– Process Flow:
– Stack deposition (oxide + protective nitride)
– Lithography print
– Dry etch (Reactive-ion etching)
– Trench fill with oxide
– Chemical-mechanical polishing of the oxide
– Scaling of Isolation:
– Isolation pitch is the sum of the transistor width and the trench isolation distance
– Narrow channel width effect becomes more apparent as isolation pitch shrinks
– Reverse narrow channel effect due to electric field enhancement at the edge
– Threshold voltage reduction leads to increased subthreshold leakage current
– Deep trench isolation found in analog integrated circuits
– Fabrication Process:
– STI prevents electric current leakage between adjacent semiconductor device components
– STI used on CMOS process technology nodes of 250 nanometers and smaller
– Older technologies use isolation based on LOCOS
– Key steps involve etching trenches, filling with dielectric materials, and planarization
– Deep trench isolation found in analog integrated circuits
– References:
– Quirk & Serda’s Semiconductor Manufacturing Technology
– Jung et al.’s study on reverse narrow channel effect
– Chatterjee et al.’s shallow trench isolation study for CMOS technologies
– Pretet et al.’s study on narrow-channel effects in SOI MOSFETs
– Lee et al.’s research on trench edge impact on pMOSFET reliability
– External Links:
– Clarycon: Shallow trench isolation
– N and K Technologies: Shallow trench isolation (dead link)
– Dow Corning: Spin-on Dielectrics – Spin-on Shallow Trench Isolation
Shallow trench isolation (STI), also known as box isolation technique, is an integrated circuit feature which prevents electric current leakage between adjacent semiconductor device components. STI is generally used on CMOS process technology nodes of 250 nanometers and smaller. Older CMOS technologies and non-MOS technologies commonly use isolation based on LOCOS.
STI is created early during the semiconductor device fabrication process, before transistors are formed. The key steps of the STI process involve etching a pattern of trenches in the silicon, depositing one or more dielectric materials (such as silicon dioxide) to fill the trenches, and removing the excess dielectric using a technique such as chemical-mechanical planarization.[1]
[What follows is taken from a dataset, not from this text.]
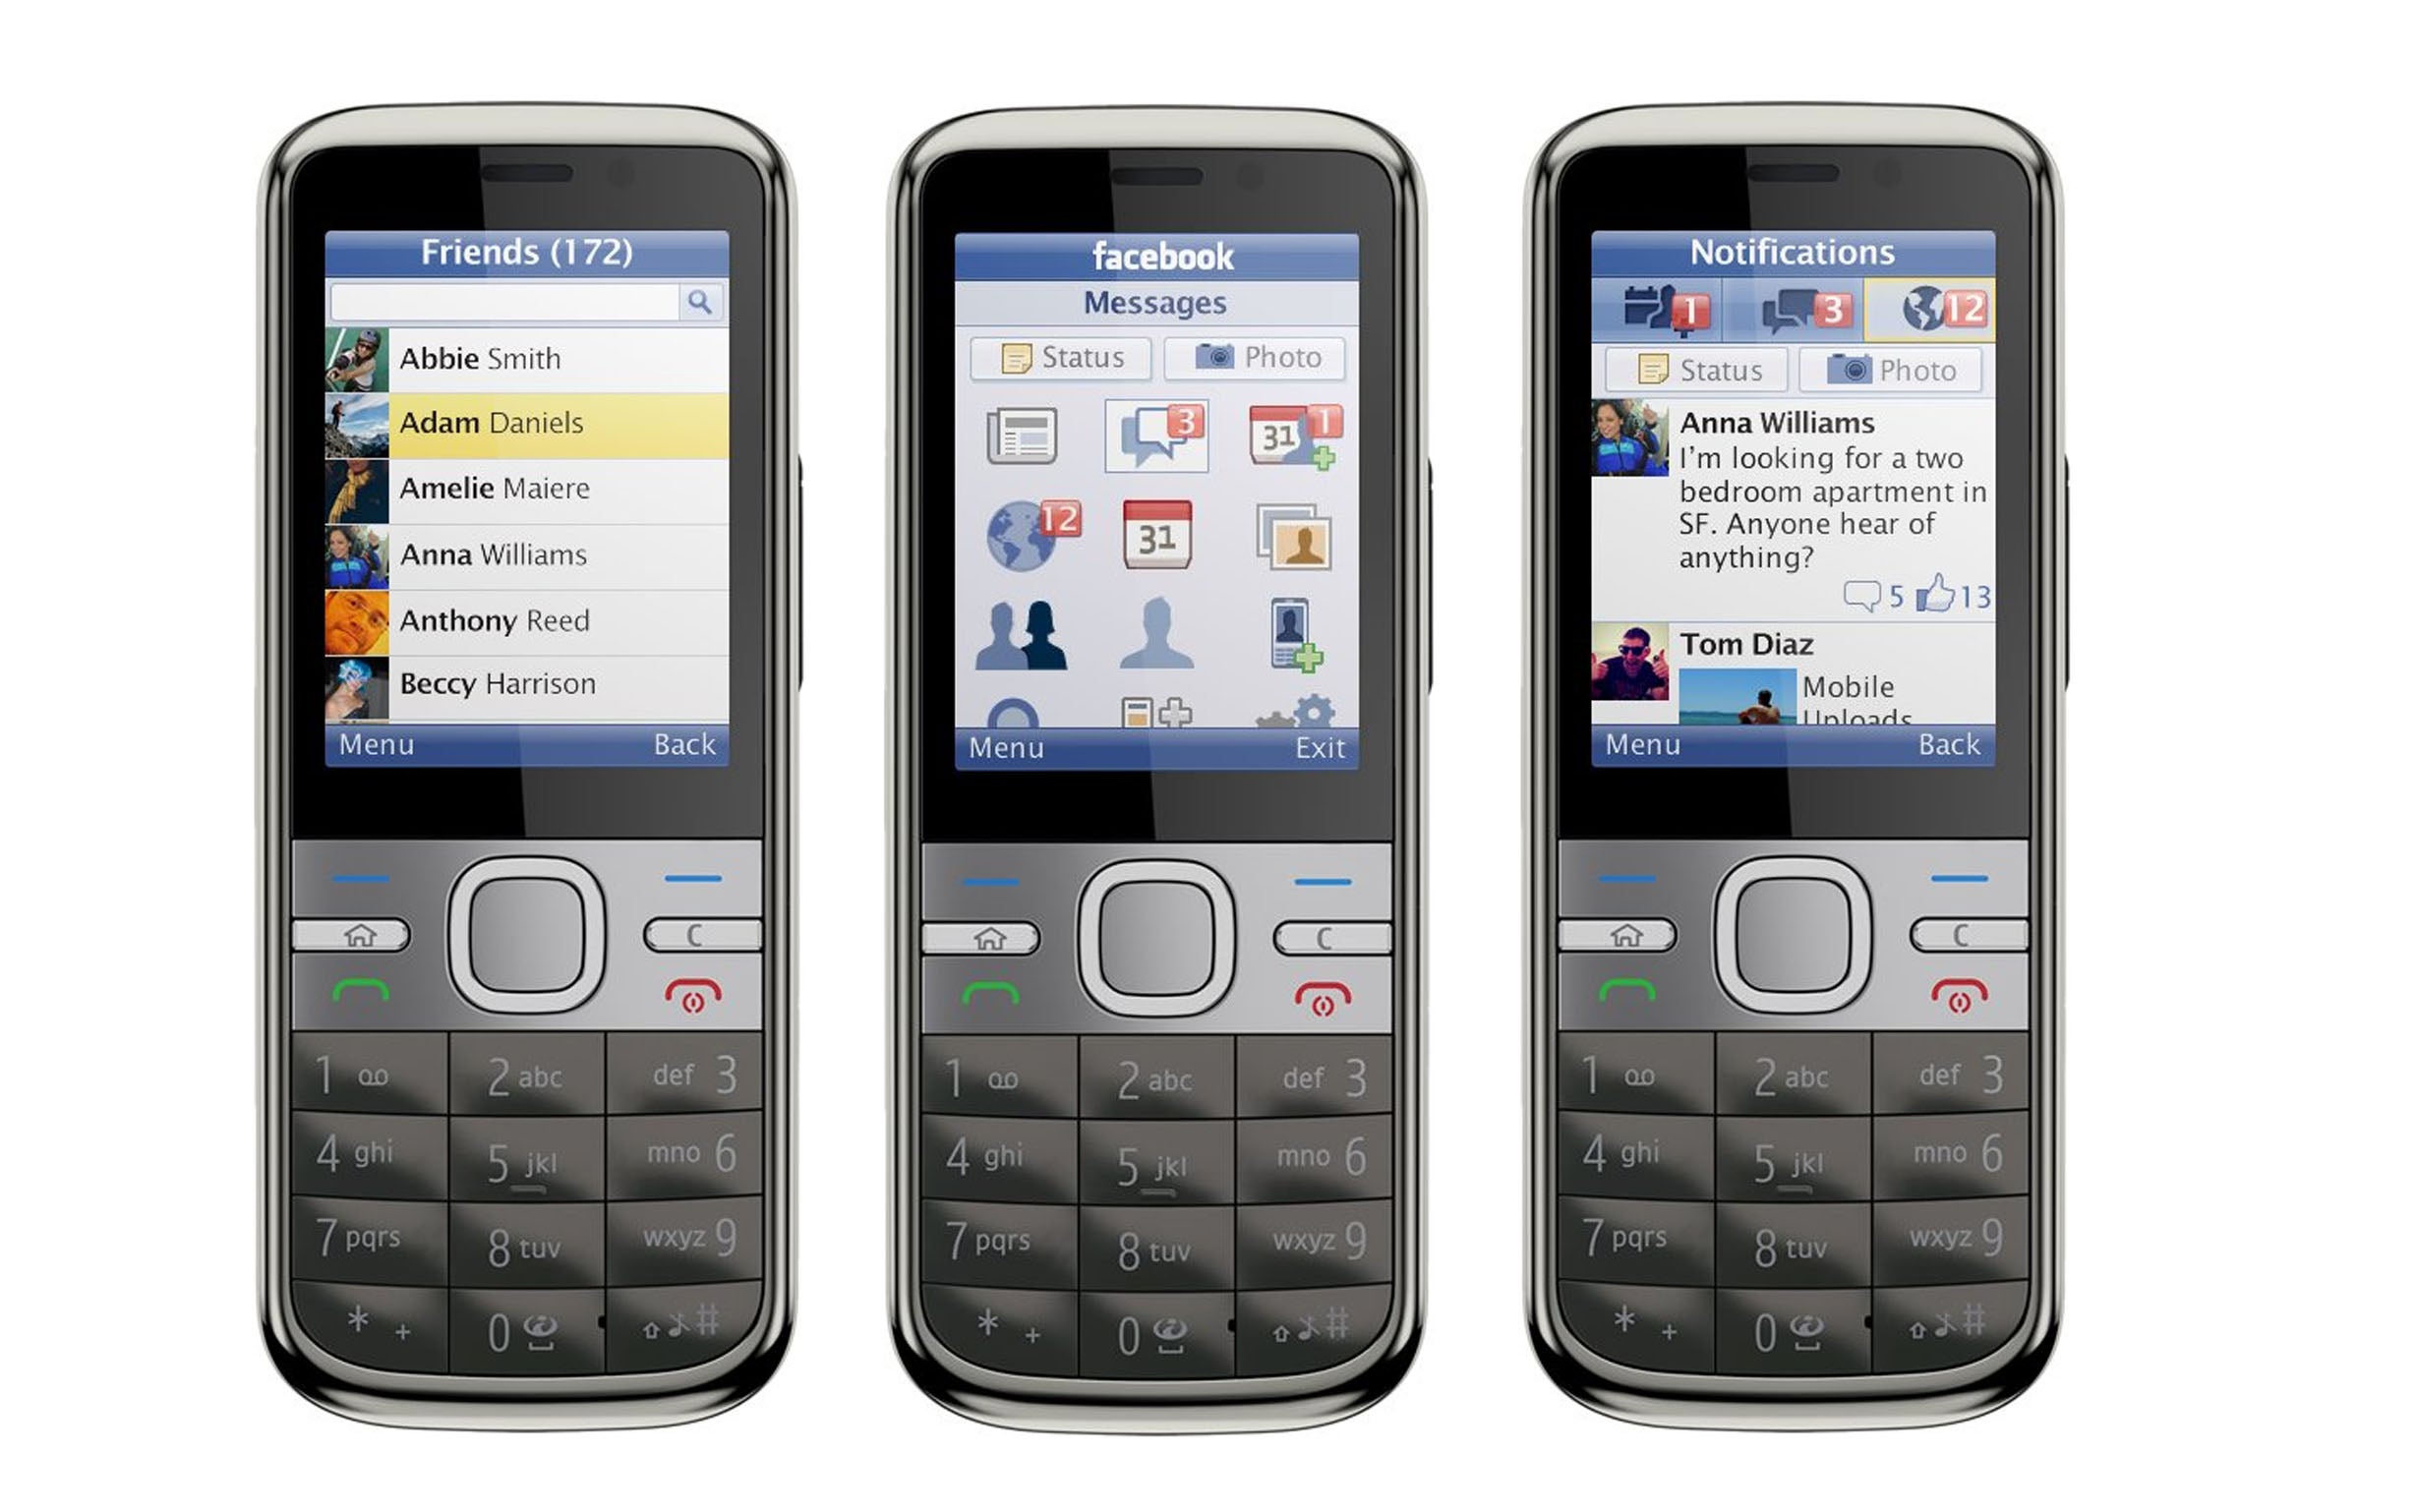 Facebook For Every Phone has been optimised to replicate the smartphone experience on feature phones

Certain semiconductor fabrication technologies also include deep trench isolation, a related feature often found in analog integrated circuits.
The effect of the trench edge has given rise to what has recently been termed the "reverse narrow channel effect" or "inverse narrow width effect". Basically, due to the electric field enhancement at the edge, it is easier to form a conducting channel (by inversion) at a lower voltage. The threshold voltage is effectively reduced for a narrower transistor width. The main concern for electronic devices is the resulting subthreshold leakage current, which is substantially larger after the threshold voltage reduction.